For many runners, their training involves running and increasing the mileage and the speed work to see their race performance improve and achieve personal bests for their chosen distance.
For some this training method will work, but for the majority of runners, this will lead to injury, usually from overtraining, injury due to muscle imbalances and poor biomechanics particularly glutes, hips and core.
Which leads the runner into that dreaded time of not being able to run and believe me, I have been there, and it’s not a place we want to be. I have made the mistakes of just running and no core and strength work, and ended up injured, once I started to look into the reasons why and through my training studies and ongoing professional development it becomes evident that it is as essential to include strength and core training into our training plans.
Not only will it help prevent injury by having a stronger body to cope with the demands of running, but it will also help to improve performance, improve bone density, increased energy and metabolism and less body fat. Strength training can help to enhance structural weakness or imbalances in joints, muscles and connective tissue.
You often find where the site of an injury manifest is not the cause of the injury, and many injuries are due to weakness or tightness in the flutes or hips these can be injuries such as:
Inflamed Tibialis posterior or anterior (bone strain shin splints) which can be due to weakness in the glutes and over-striding.
Palletofemoral pain (runners knee) is often due to a dysfunction in the hip, abductors, weak abdominals, weak VMO, increased Q angle from wide hips and over-pronation and overstriding
Piriformis Syndrome can be due to tight abductors, poor biomechanics.
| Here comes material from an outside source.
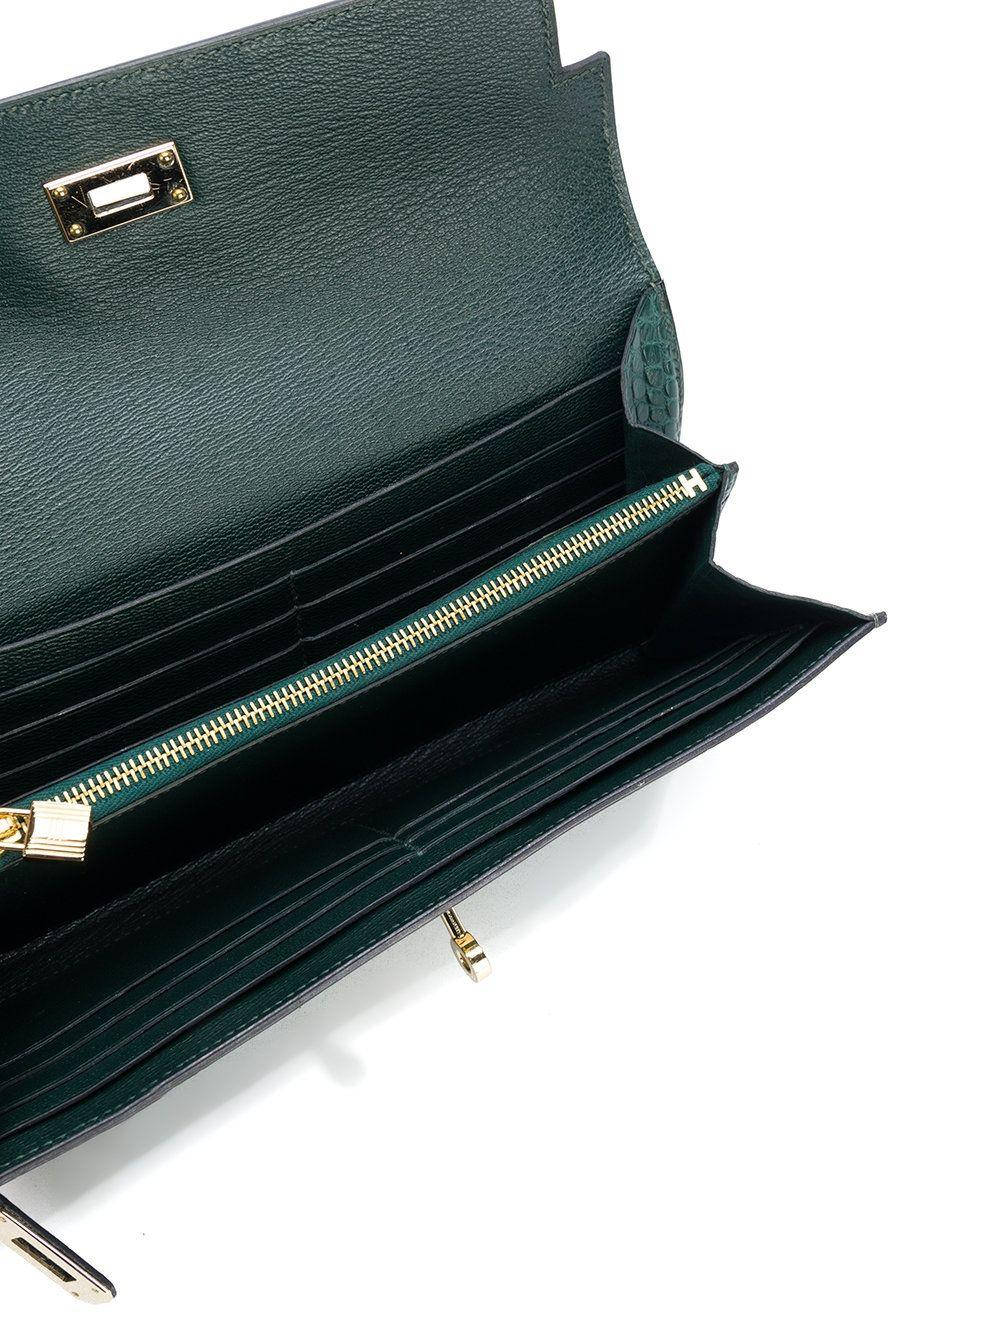 Both stylish and elegant, this malachite green Kelly wallet from Hermès features multiple interior card slots and an internal zipped pocket. Crafted from a precious leather, this luxurious wallet features its iconic turn-lock closure, subtle Hermes
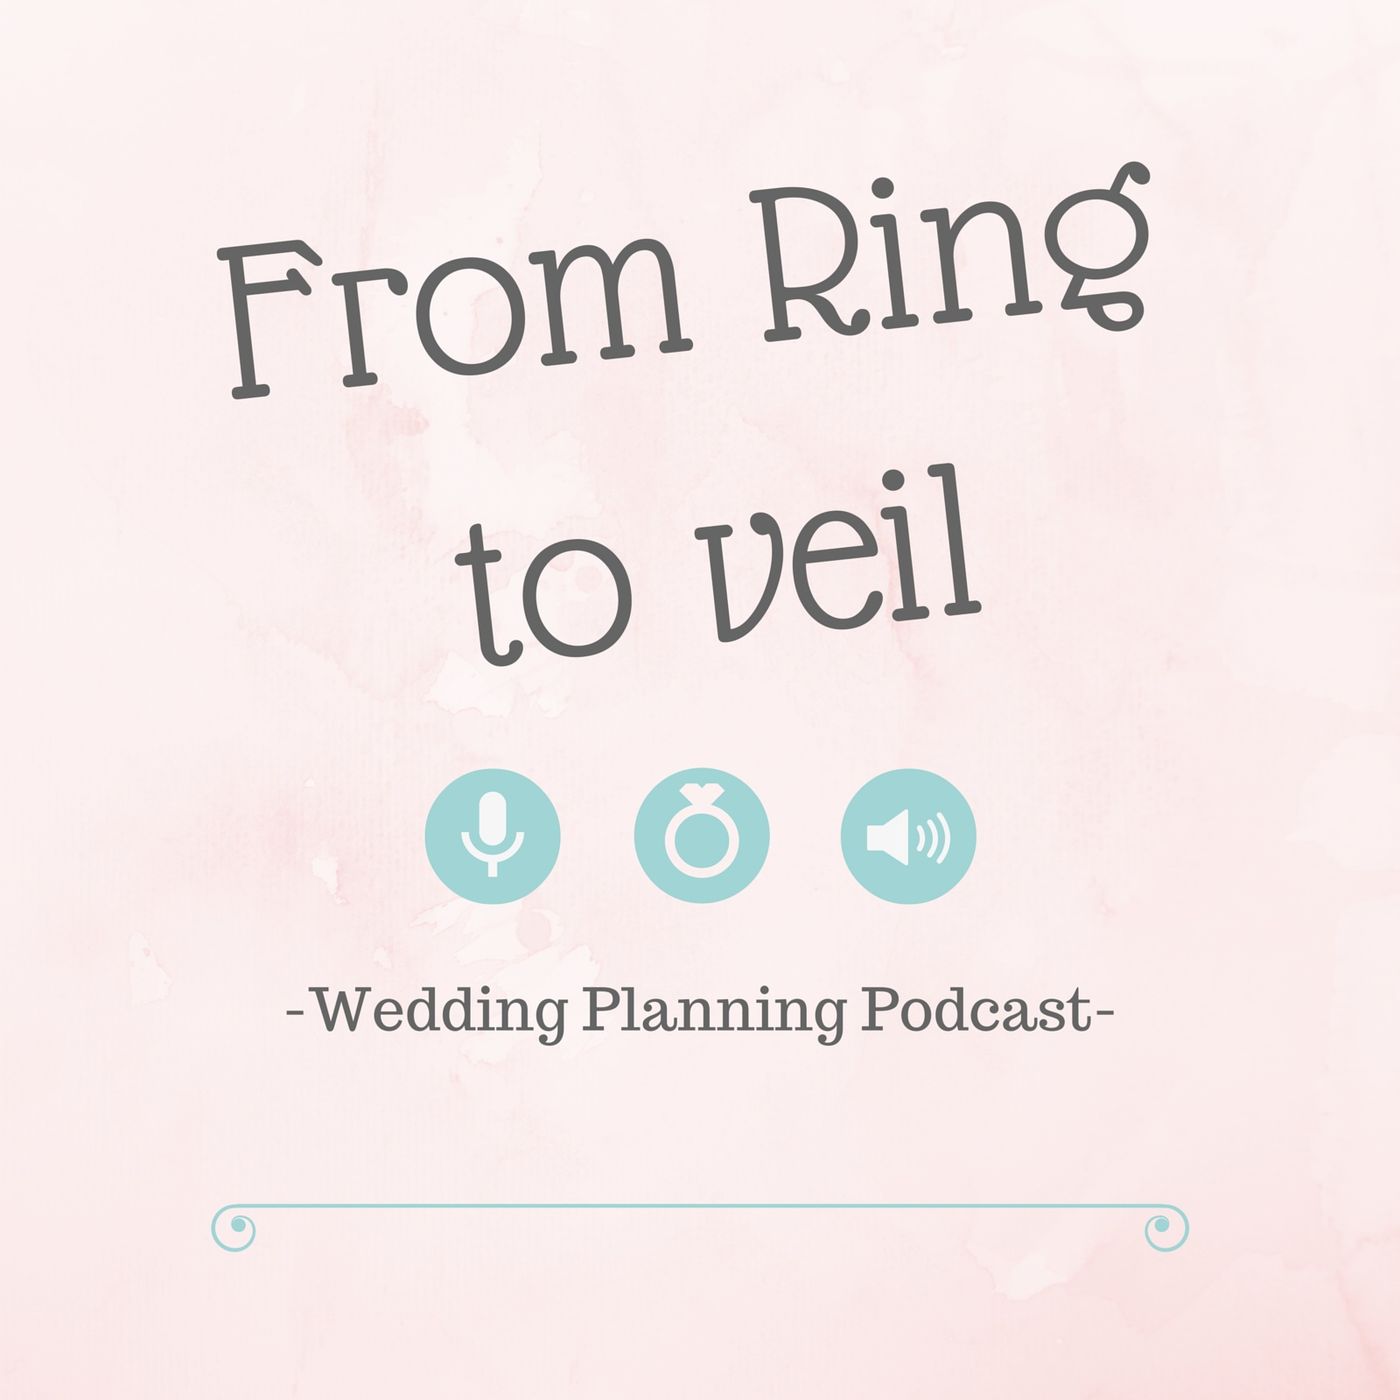 From Ring to Veil - Wedding Planning

Hip Joint injuries and pain can be due to tight hip flexors and spine.
Adductor Tendinopathy is often caused by the tightness of the adductors.
Hamstring Tendinopathy is due to short or weakened hamstrings and weak glutes.
Lower leg injuries have also been known to be caused by weak glutes and core and poor biomechanics.
By introducing and strength and conditioning session into your currently running, you can strengthen the muscles that are often weak or weakened to help prevent injuries and improve running efficiency.
The term core stability may be a familiar term to you or one that you have heard other runners say or your Physio, coach or personal trainer say we need to work on your core stability.
What does core stability means often you will think of your core as the bit in the middle of your body (trunk and pelvic area). Your main core stabilisers consist of the deep, transverse abdominis known as TA these muscles lay deep beneath the six-pack and almost like a corset wrap around your midriff, gluteal in particular the glute medius and the muscles of the lower back.
They all have their role, but work together as a cylinder to stabilise the spine and pelvis If these muscles are weak and don’t activate (switch on) when the need to the phasic muscles have to act, as this is not their usual job to stabilise the additional work can leave them short and tight, this can pull the body out of alignment which in turn leaves it more susceptible to injury.
With a core and strengthening plan that focuses on exercises which will strengthen the core and the muscles used for running, you can begin to enable theses muscles to start to activate and stabilise. Exercise such as glute bridges, clams, planks, side planks, one leg exercises, squats and lunges, specific core exercises and upper body exercises which will help with arm alignment for running, these should be performed on non-running days or light running days and should not be performed on consecutive days.
Another form of strength training is plyometrics and research have shown to be useful for a runner, which helps to train the muscles to fire quicker and recruit more motor units, which enable them to respond more explosively and powerfully. During plyometric exercises like a jump or a hop, a concentric contraction is followed by an eccentric one, the coupling of these contractions will improve your ability to exert at a speed which will make you a more efficient and powerful runner.
A beginner should not perform plyometrics; these should build into your strength program once you have a good base of core stability and strength and start with just one session a week and not as part of your running training.
Including strength and conditioning as part of your weekly training plan, you will start to introduce core stability and specific strength work you will soon see you are running more efficiently and feel stronger. Before you begin to include strength and conditioning into your current training, I would highly recommend working with a coach or a personal trainer who has good knowledge of running.
To help you devise a program which complements your current running training load, for instance, if you are in your competitive season the strength and conditioning would be based more on endurance and lighter weights, so you are not fatigued for your running, but if your on a lower mileage and running intensity the strength work can be increased which will allow you to become stronger when your mileage and intensity increase. Working with a coach or personal trainer will ensure your technique is correct.
Including core stability, strength and conditioning can seem like a strange concept and often neglected, but as you introduce it, you will soon see a benefit and improvement in your running and the role of injury prevention.
Recently, one of my clients who I have been working with has taken 3 minutes of her 10-mile time, and other clients who run 2.50 marathons and used to run in pain are now running pain-free, from introducing core stability and specific strength and conditioning for running.